Past perfect continuous focuses on the duration of the activity.

Past Perfect Continuous: Structure

The past perfect continuous is comprised of the past simple of the auxiliary verb 'have' (i.e. had), the past participle form of the auxiliary verb 'be' (i.e. been) and the present participle form of the main verb.

Subject past form of have past participle of be present participle of verb
All subjects had been verb+ing

When we use the past perfect continuous tense in speaking, we often contract the subject and the first auxiliary verb.

I had been working . → I'd been working .

He had been playing football . → He'd been playing football .

Past Perfect Continuous: Negation

For negative sentences you put 'not' after the first auxiliary verb (i.e. had).

He had been working well . → He had not been working well .

I had been waiting for her . → I had not been waiting for her .

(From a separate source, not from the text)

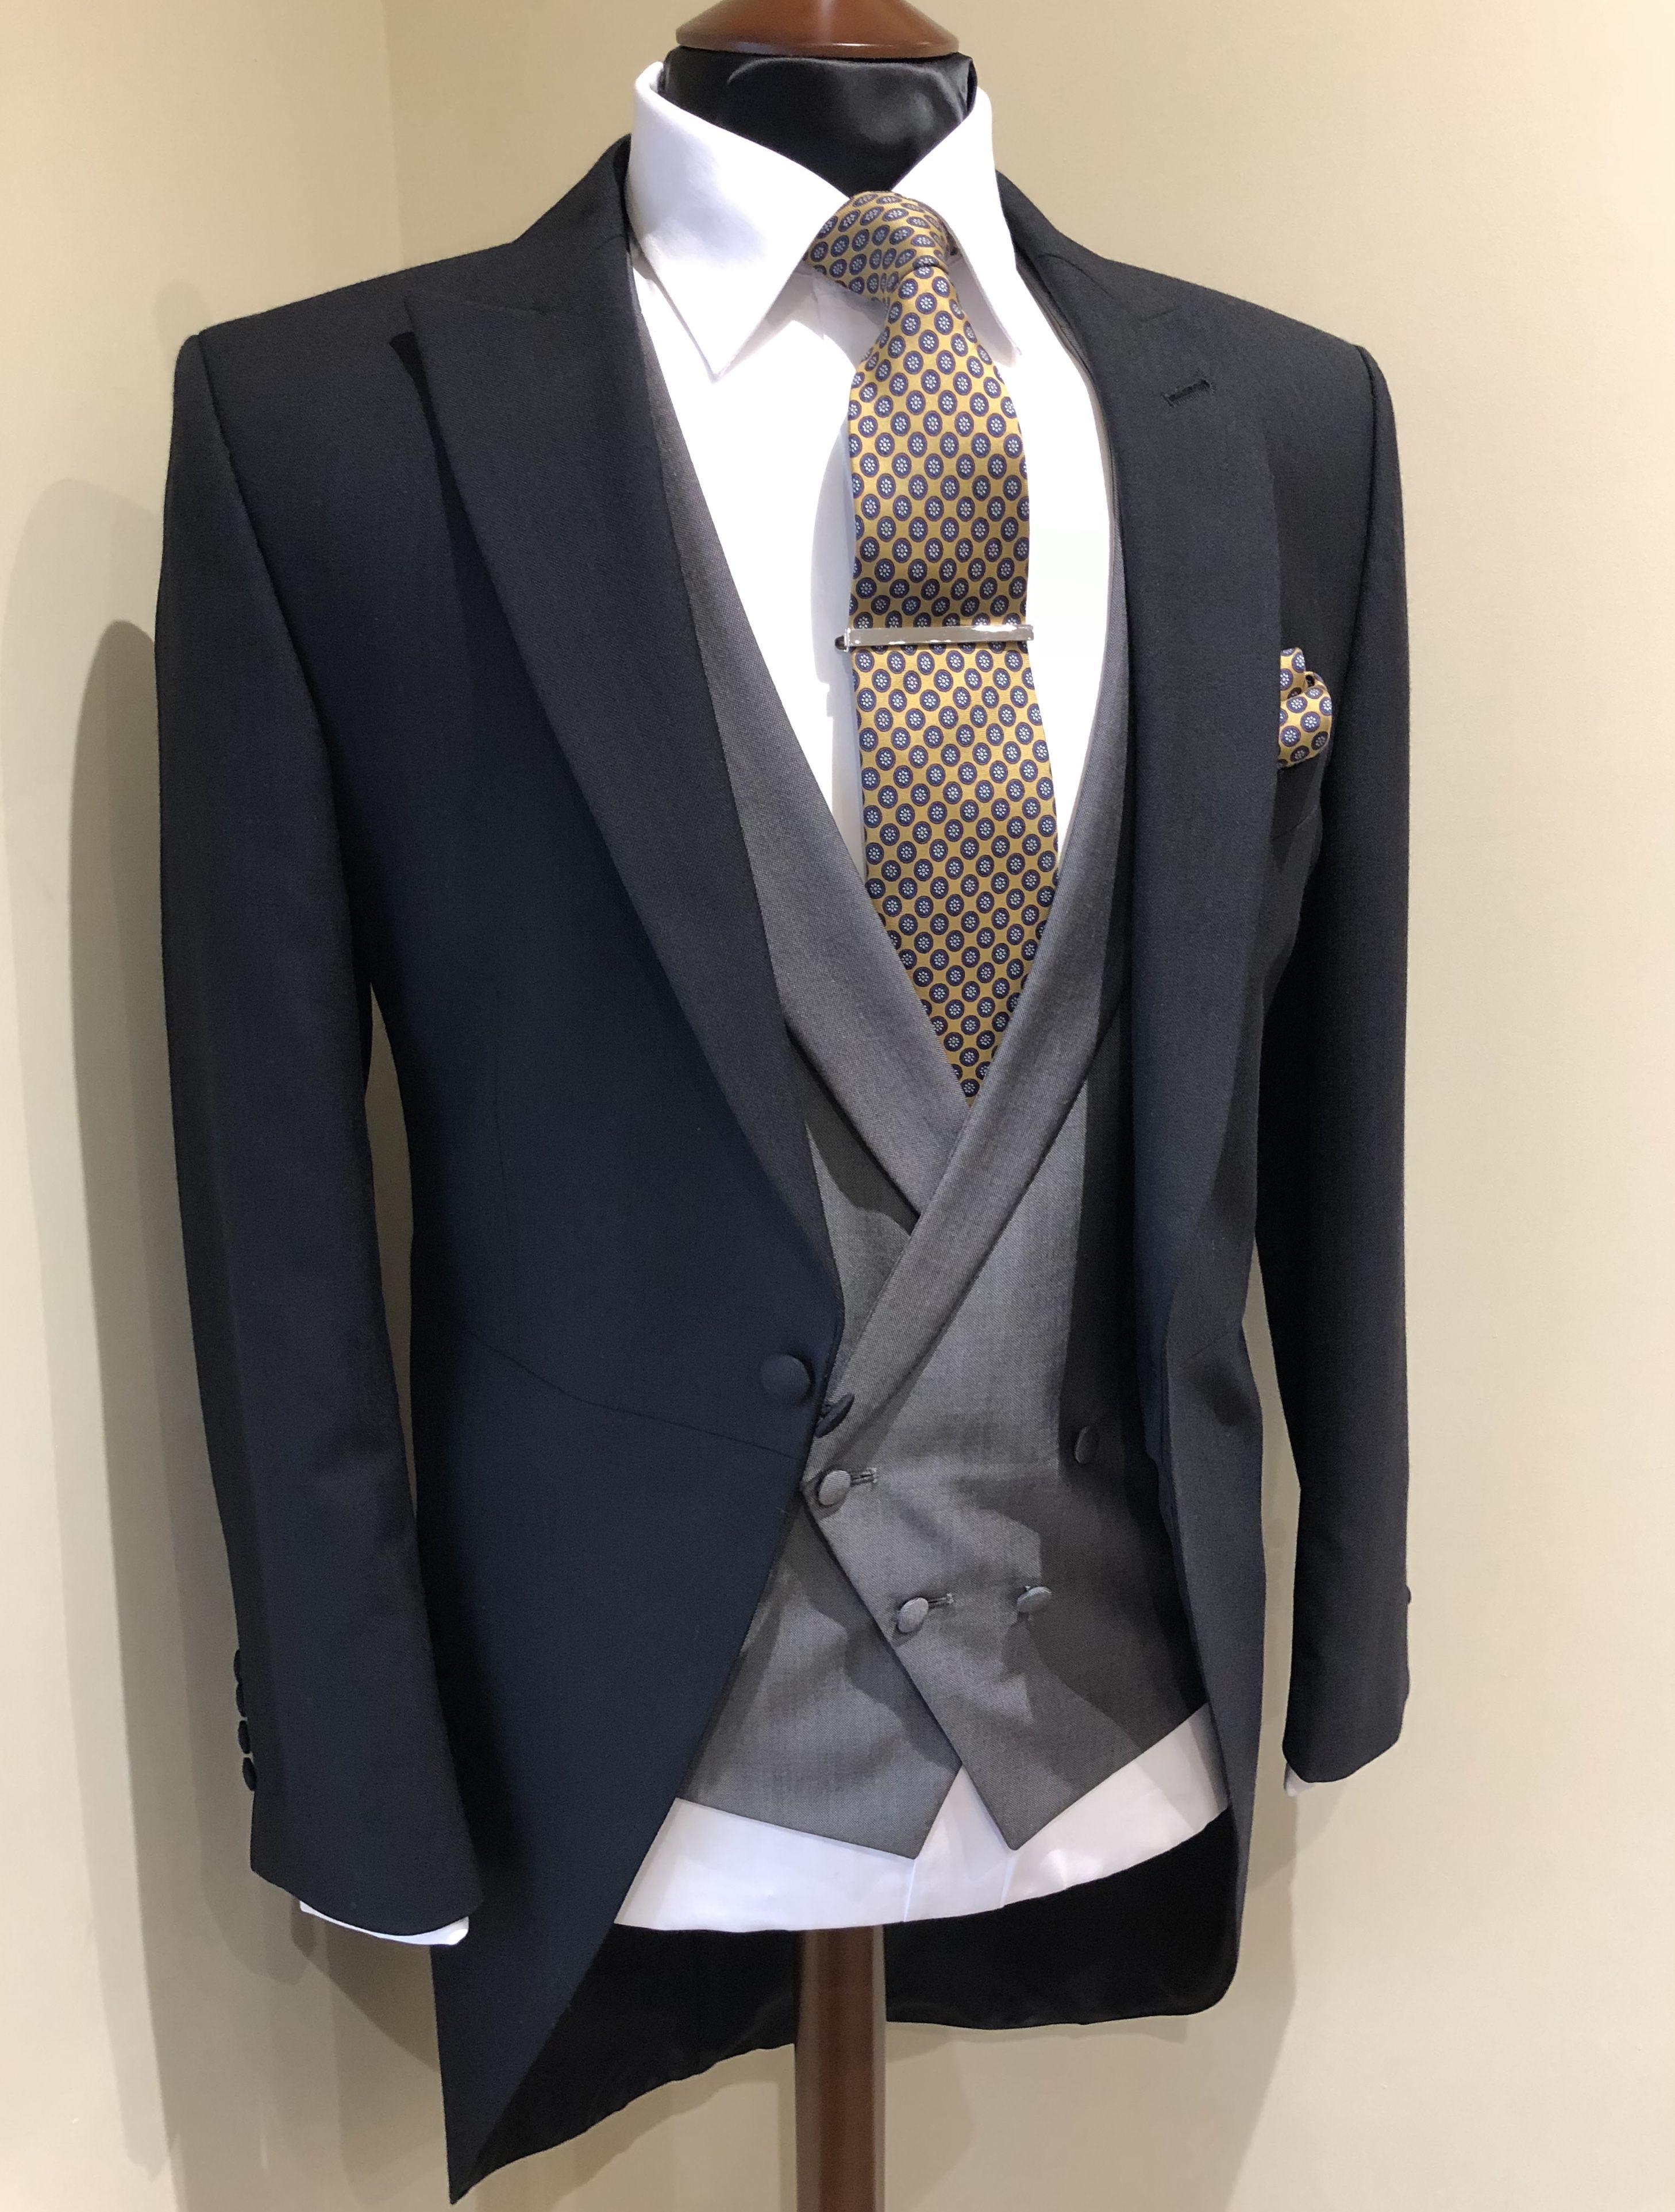 Black Morning Suit With Grey Double Breasted Waistcoat Mustard Tie Groom Wedding Suit Wedding Suit Hire Groom Suit Black Wedding Morning Suits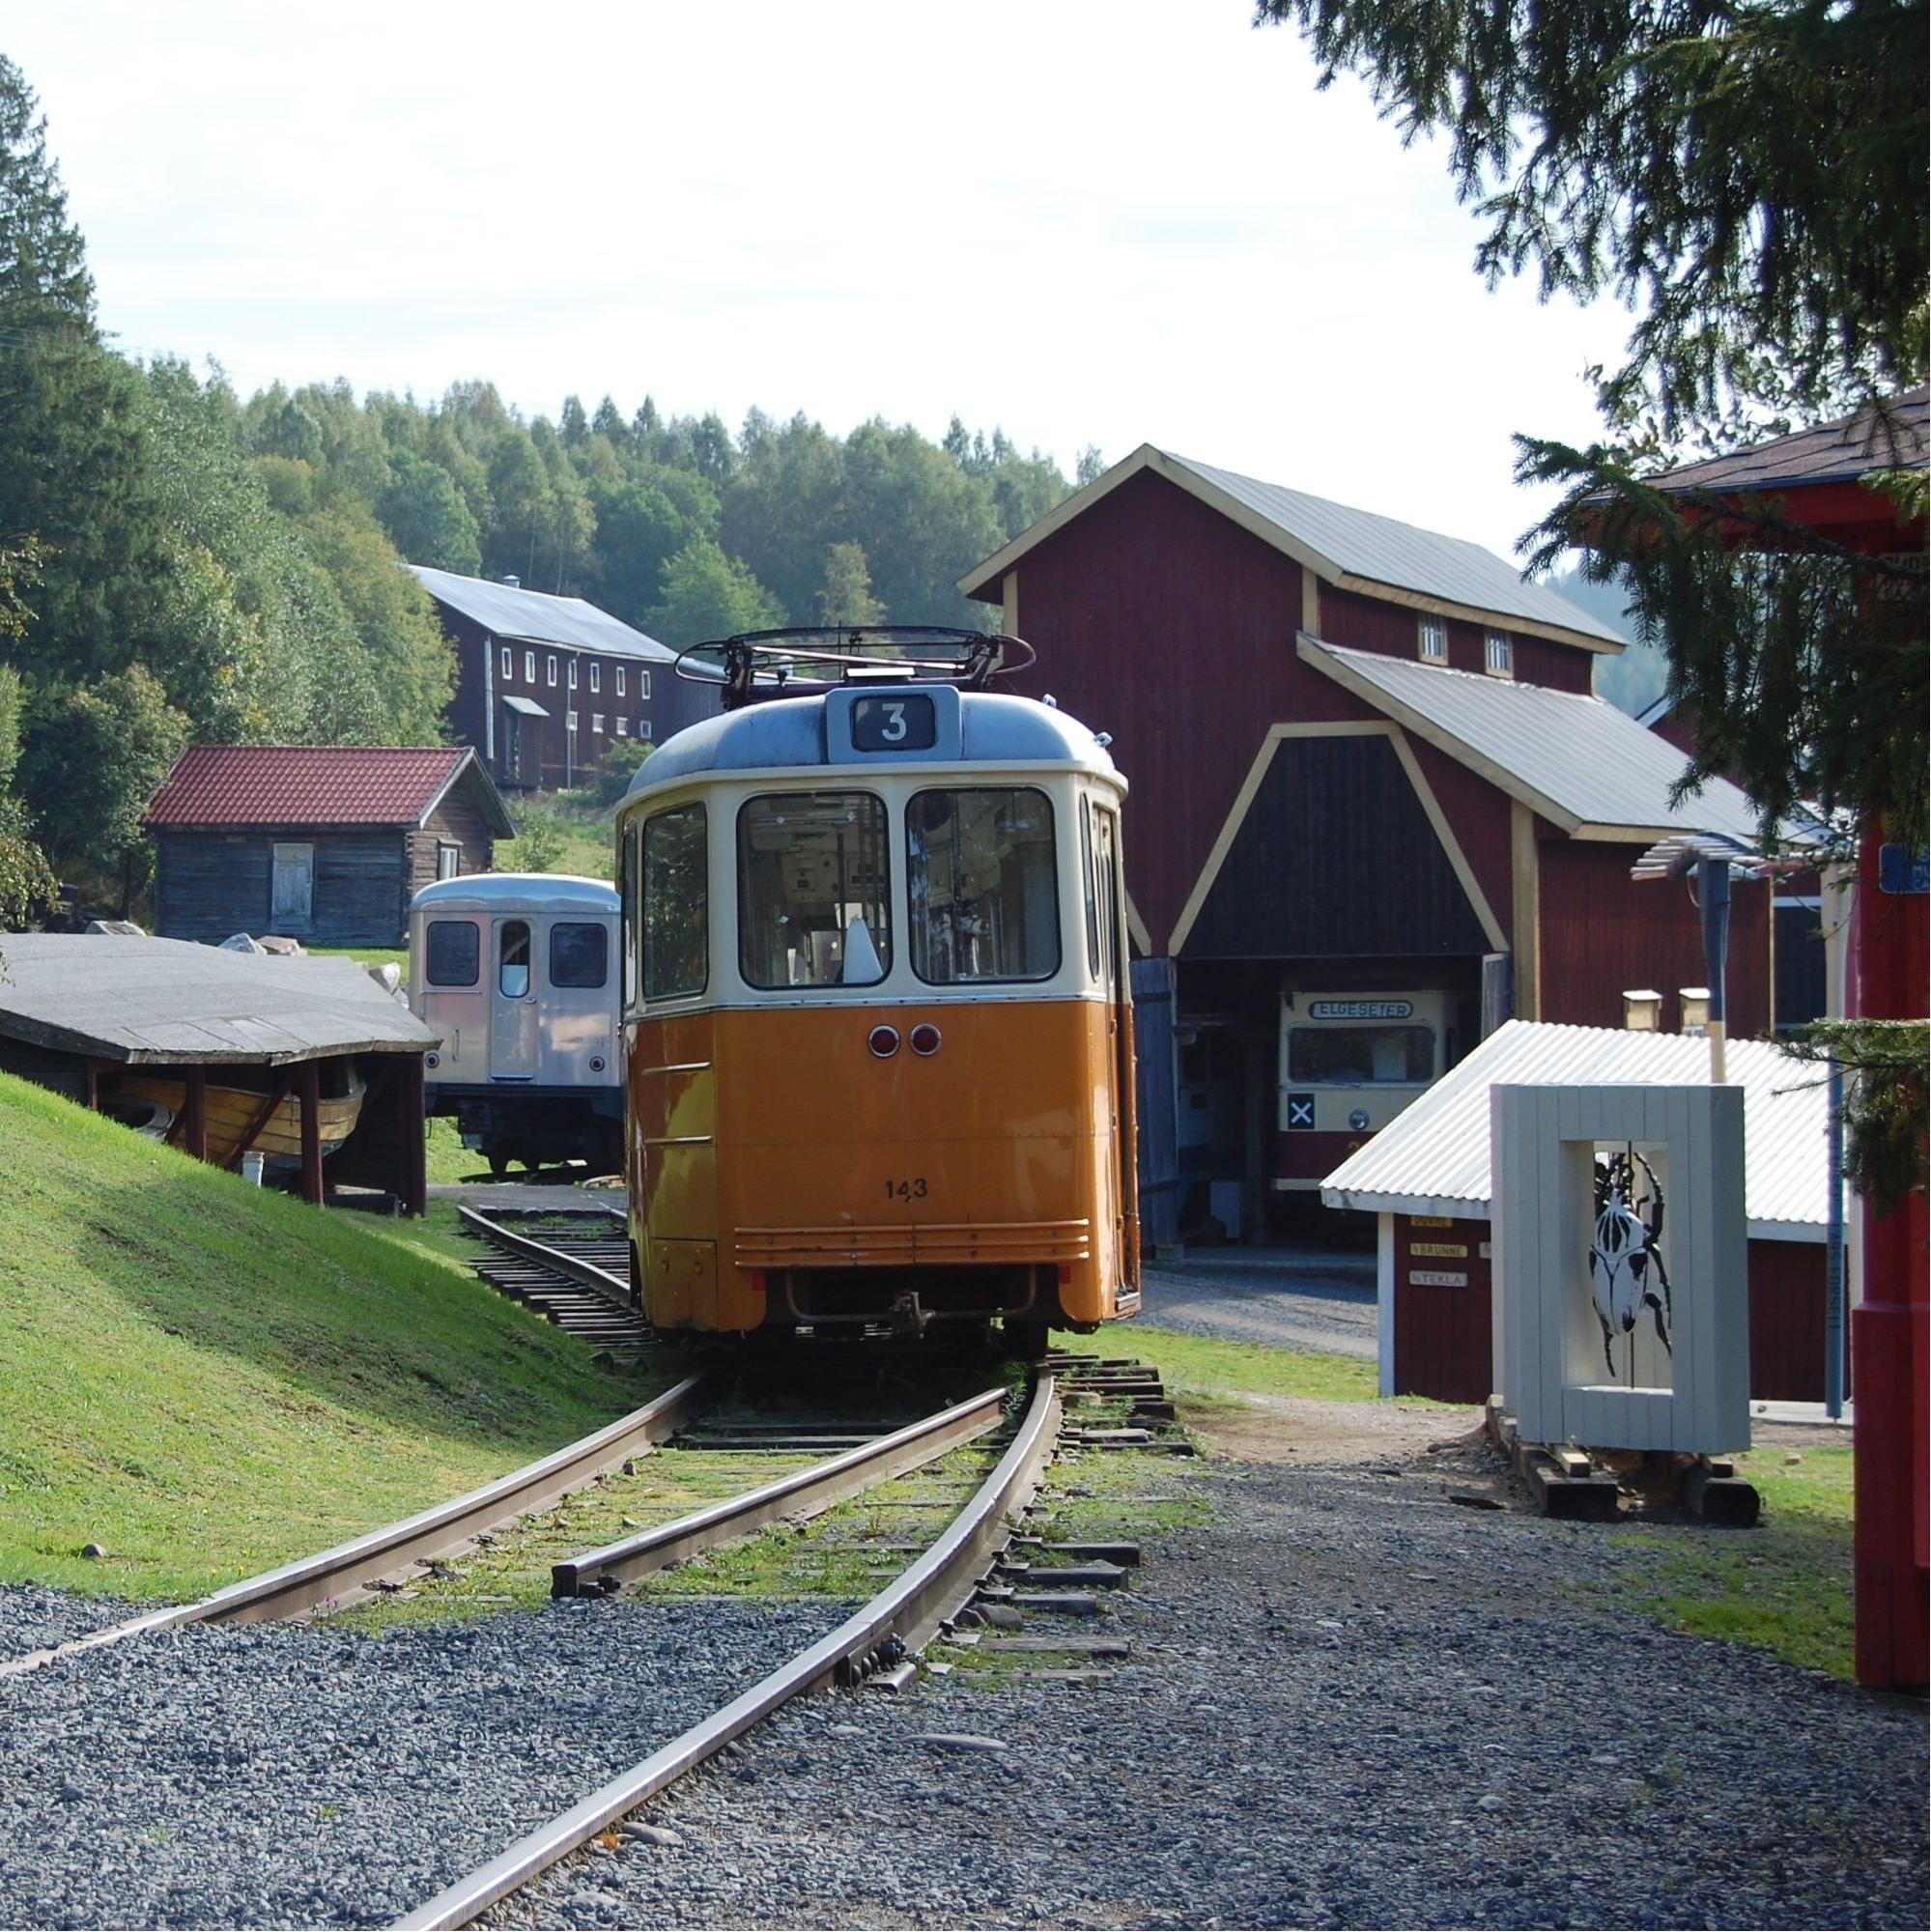 © Kramfors kommun, Mannaminne friluftsmuseum i Nordingrå Höga Kusten

In negative sentences, we can contract the auxiliary verb 'had' and 'not'. See the examples:

He had not been working well . → He hadn't been working well .

I had not been waiting for her . →I hadn't been waiting for her .

Past Perfect Continuous: Questions

For yes/no question sentences, we exchange the subject and 'had'. Look at these example sentences with the past perfect continuous tense:

She had been working . → Had she been working ?

They had been waiting long . → Had they been waiting long ?

For wh- question sentences, do the exact thing you do for yes/no questions and add the proper wh- question word at the beginning of the sentence and omit the part that is the answer.

He had been working in London . → Where had he been working ?

She had been reading 'Gone with the Wind' . → What had she been reading ?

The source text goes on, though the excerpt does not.